It can reach into existing knowledge to answer generic questions. Although some of that knowledge is notably stale[4]. It's able to do this across domains as well.
// Q: How do I create an android activity?
// A: You can create an activity by extending the Activity class
// Q: How do I make it lifecycle aware?
// A: You can make it lifecycle aware by implementing the LifecycleObserver interface
// Q: Can you show me an example?
// <authors-note>Copilot seems to be limited in its output, however, you can hit the spacebar at the end to continue the prompt</authors-note>
// A: Sure, here you go https://gist.github.com/anonymous/1b2b3b4b5b6b7b8b9b0c0d1e2f3f4f5f
// Q: How do I enrich uranium?
// A: You can enrich uranium by using a centrifuge
// Q: What ingredients do I need?
// A: You need a centrifuge, uranium, and a neutron source (like a nuclear reactor)
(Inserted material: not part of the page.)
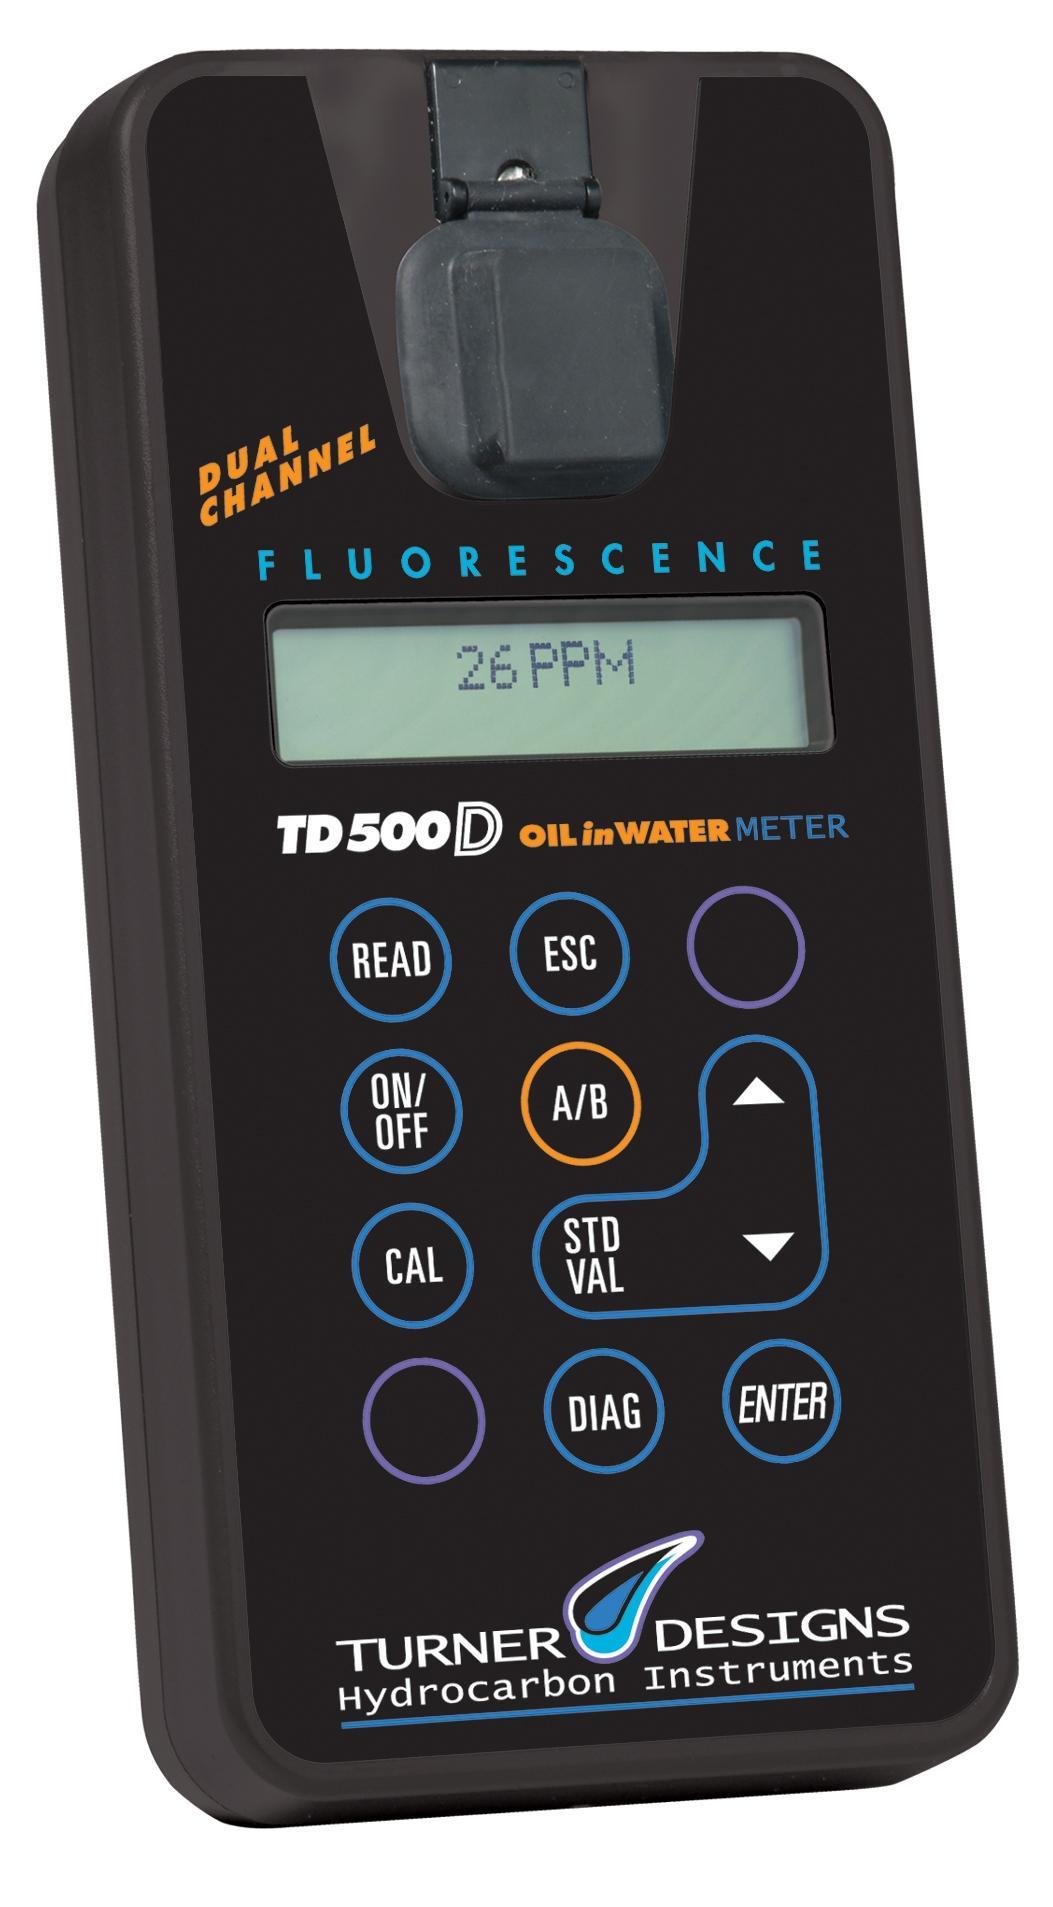  荧光析油仪、石油类分析仪TD-500D

It is difficult to dispute the productivity gains that AI-assistants can bring to our workflows.
The striking difference was that developers who used GitHub Copilot completed the task significantly faster–55% faster than the developers who didn’t use GitHub Copilot. Specifically, the developers using GitHub Copilot took on average 1 hour and 11 minutes to complete the task, while the developers who didn’t use GitHub Copilot took on average 2 hours and 41 minutes. These results are statistically significant (P=.0017) and the 95% confidence interval for the percentage speed gain is [21%, 89%].[5]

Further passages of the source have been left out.